Das vokale Improvisieren im Jazz wird meistens Scat genannt und benutzt viele lautmalerische Silben, wie „scooby“, „dweija“ „wabdow“ usw. Richtig puren Scatgesang auf höchstem Niveau findest Du, wenn du bei Youtube „Ella Fitzgerald“ + „Scat“ eingibst. Sie improvisiert sowohl mit dem Text des Songs, das heißt sie behält die Lyrics, verändert aber spontan die Melodie und den Rhythmus, als auch mit Scatsilben. Jazzimpro kann aber auch klingen wie eine Phantasiesprache, zu hören z.B. bei einer Liveaufnahme von Celine Rudolph mit „Matakoto“ bei Youtube.
Hier noch ein paar Tipps für Improbeginner:
Nimm dir wieder ein Playback von einem Song, der dir gefällt. Grenze jetzt deine Möglichkeiten ein, z.B.: Singe nur kleine Motive mit maximal drei Tönen / sprich verschiedene Rhythmen auf „tatata“ / singe nur aufsteigende Linien auf „lalala“ / singe ein kurzes Motiv und beginne das nächste Motiv mit deinem letzten Ton / singe mal ganz hoch und mal ganz tief usw. Das heißt, du hast nicht gleich unendlich viele Möglichkeiten sondern machst es erst mal etwas schlichter.
erlaube dir langweilig zu sein, dich zu wiederholen, schief zu singen.

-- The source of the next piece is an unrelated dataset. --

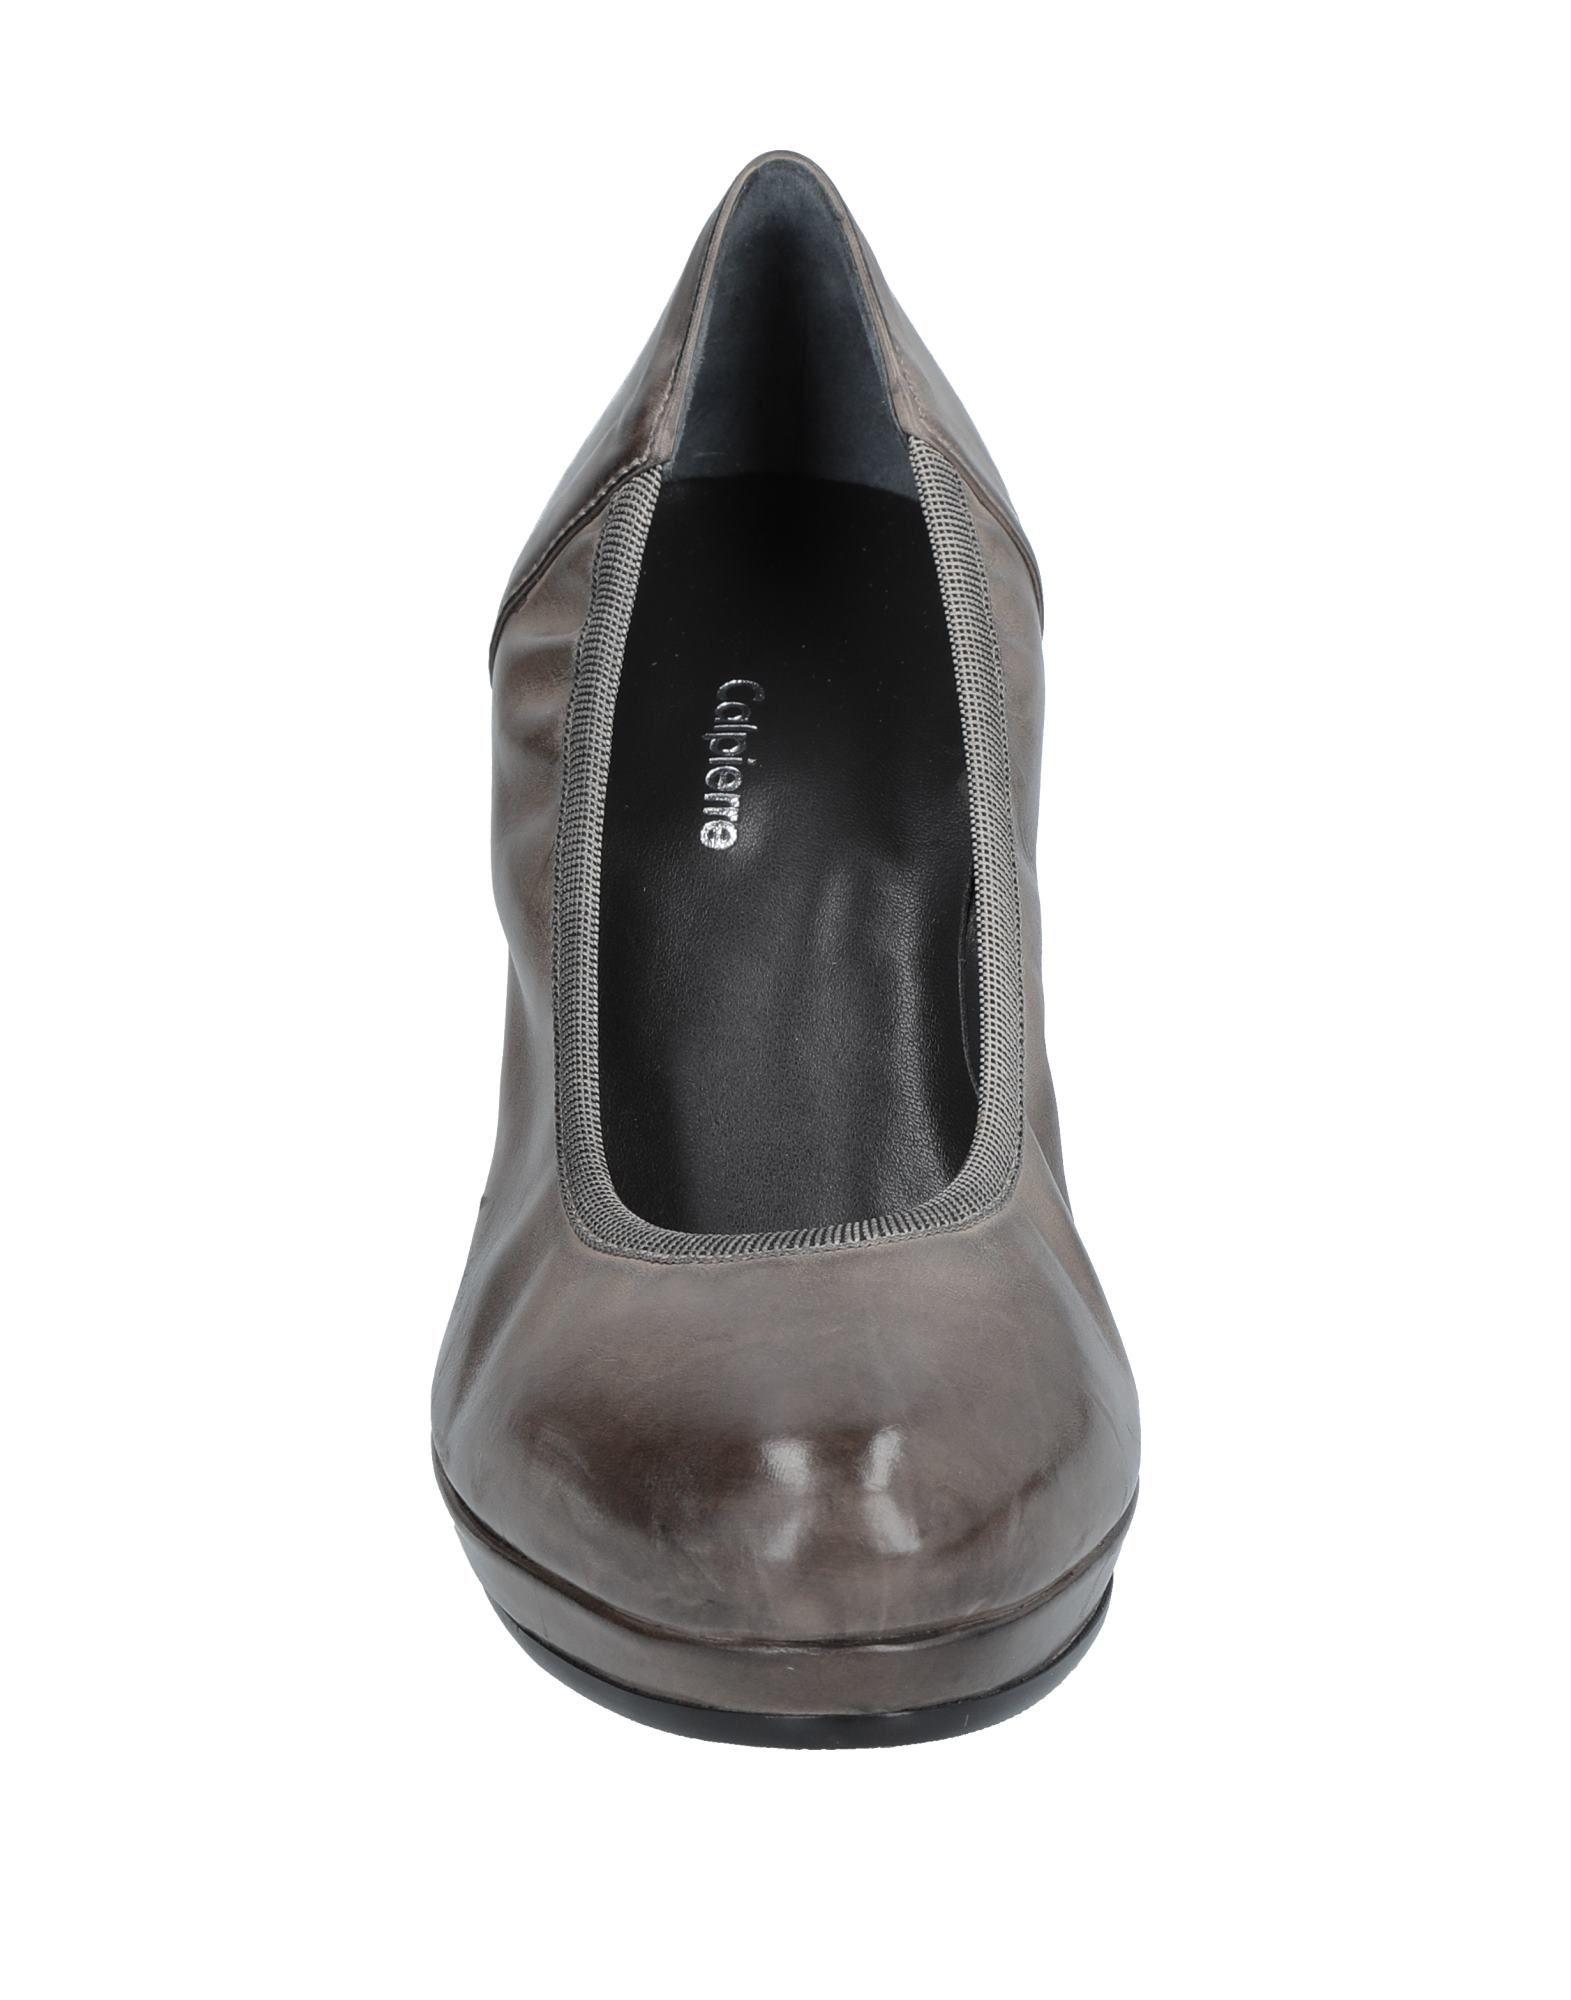 Calpierre Pumps Gute Damen  11539862UX Gute Pumps Qualität beliebte Schuhe 895114

Fang an, schiebe es nicht vor dir her.
Mach aber auch nicht zu viel auf einmal.
Sammle nach und nach Erfahrung. Gute Improvisateure können durch Erfahrung bei Bedarf auf Tonverbindungen und Licks zurückgreifen, die sie in früheren Improvisationen gefunden haben, z.B. wenn der Inspirationsfunke mal nicht so zündet.
Lass dir Zeit, manchmal singt man erst mal uninspiriert in der Gegend herum und dann wird es nach und nach immer lockerer und kreativer.

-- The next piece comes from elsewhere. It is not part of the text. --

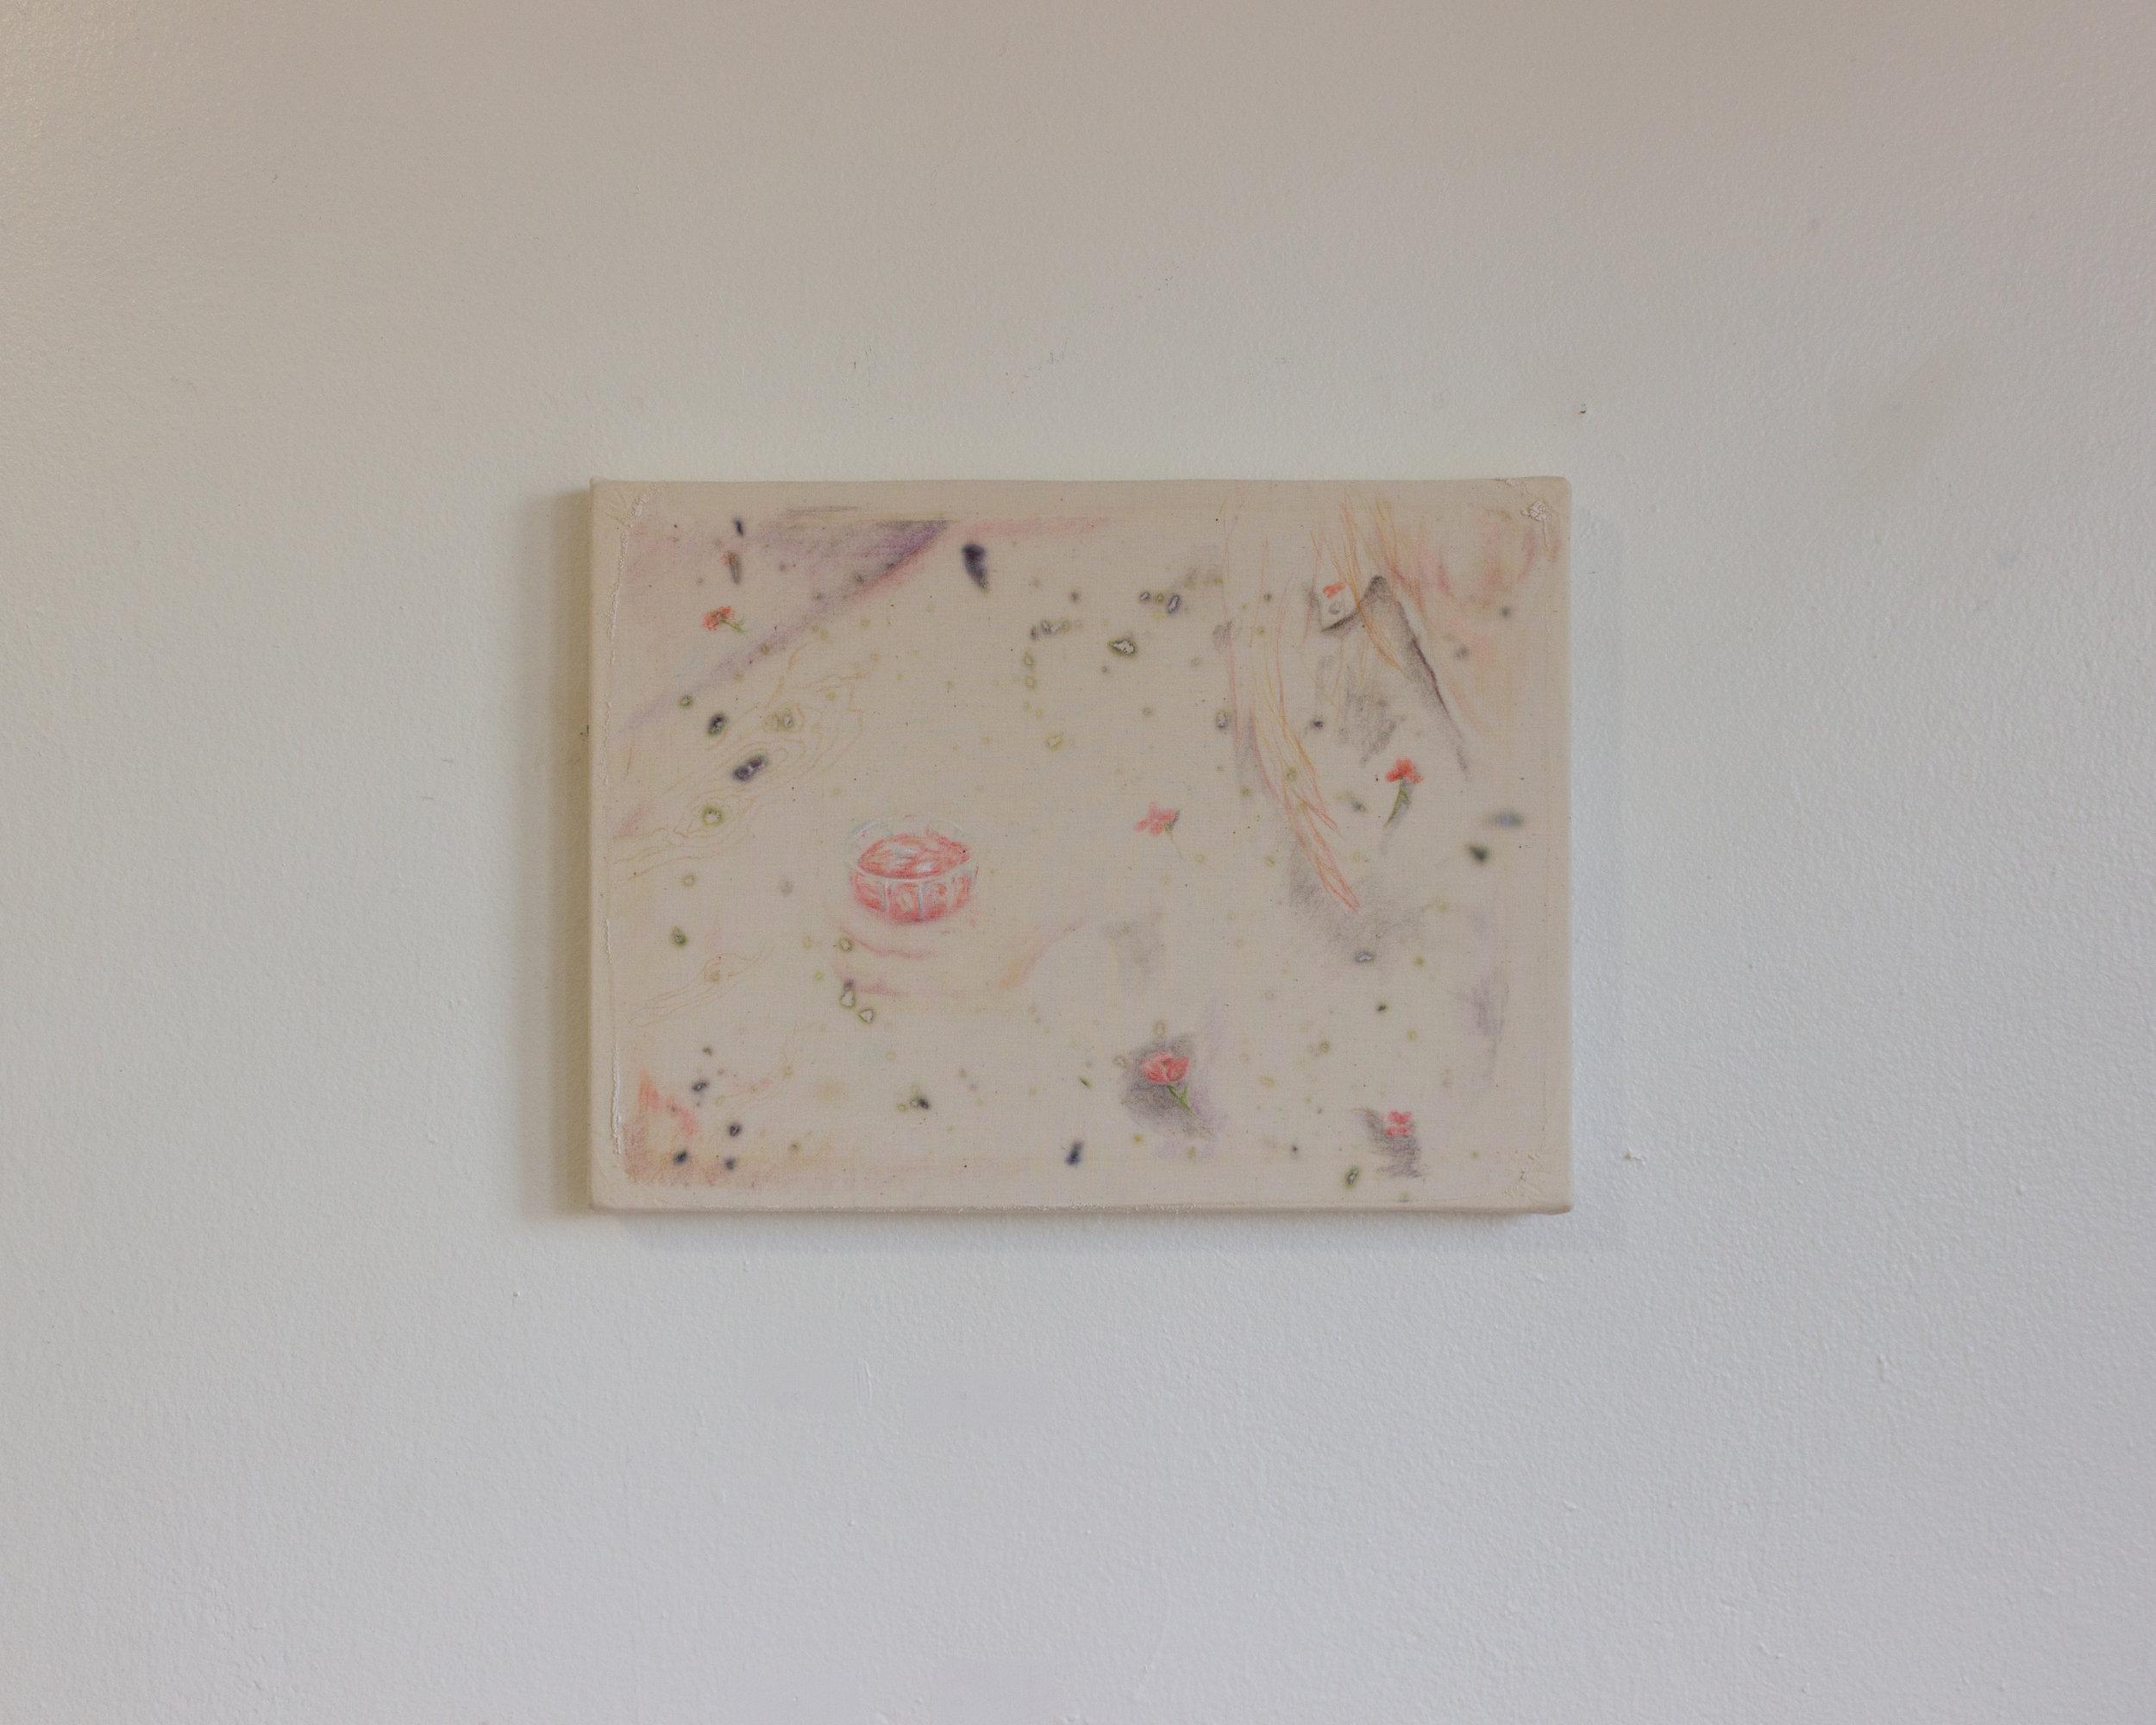 Alejandro Jiménez-Flores,  una noche maravillosa —a wonderful night , 2019, soft-pastels, flower petals dyes, and plaster on muslin, 9x11 in.

Du musst nicht lückenlos die ganze Zeit durchsingen, sondern darfst auch mal Pausen lassen.
Such dir einen Vocalcoach, der oder die mit dir das improvisieren übt. Oder wühl mal im Internet, da gibt es jede Menge gute Tipps.

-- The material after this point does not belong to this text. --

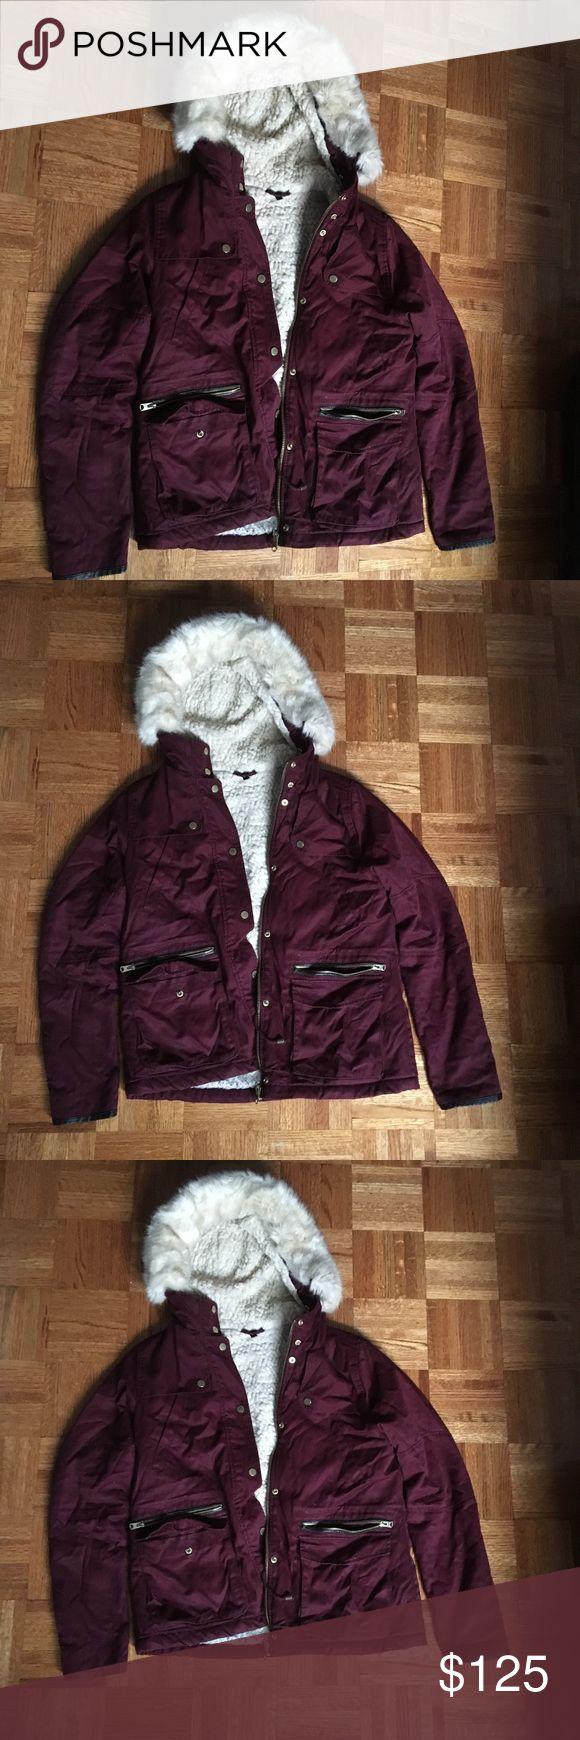 Topshop Fur Coat Its in great condition. Topshop Jackets & Coats

Erlaube dir langweilig zu sein, dich zu wiederholen, schief zu singen.
Mach’s dir nicht so schwer und ernst. Wir suchen Kreativität und Inspiration und die kann man mit Überforderung und Beurteilung im Keim ersticken. Sie brauchen Freiheit, Albernheit, Spielfreude.
Selbst, wenn du niemals auf der Bühne improvisieren würdest, kann dir die Beschäftigung damit viel für deinen Gesang geben. Es verbessert deine gesanglichen Fähigkeiten und Du lernst deine Stimme viel besser kennen. Du wirst kreativ, das heißt, Du erschaffst etwas neues, selbst in Songs, die andere komponiert haben. Oder Du findest, wie oben beschrieben, über das Improvisieren sogar zum Songwriting.
Und es macht wirklich freier, sich aus vorgegebenen Melodien und Rhythmen mal zu lösen. Dann kann es einen auch nicht so schnell umhauen, wenn musikalisch etwas unvorhergesehenes passiert, also wenn z.B. dein Gitarrist einen Takt unterschlägt.. Du bist beim Improvisieren ganz im Moment, reagierst auf die Musik und kommunizierst mit deinen Mitmusiker*innen, eine ganz wichtige Fähigkeit beim Musikmachen.
Und all das, die Kreation, die Inspiration, das Im-Moment-Sein, das Freisein, der Kontakt mit sich und anderen,sind natürlich die besten Unterstützer für einen ausdrucksstarken und überzeugenden Gesang!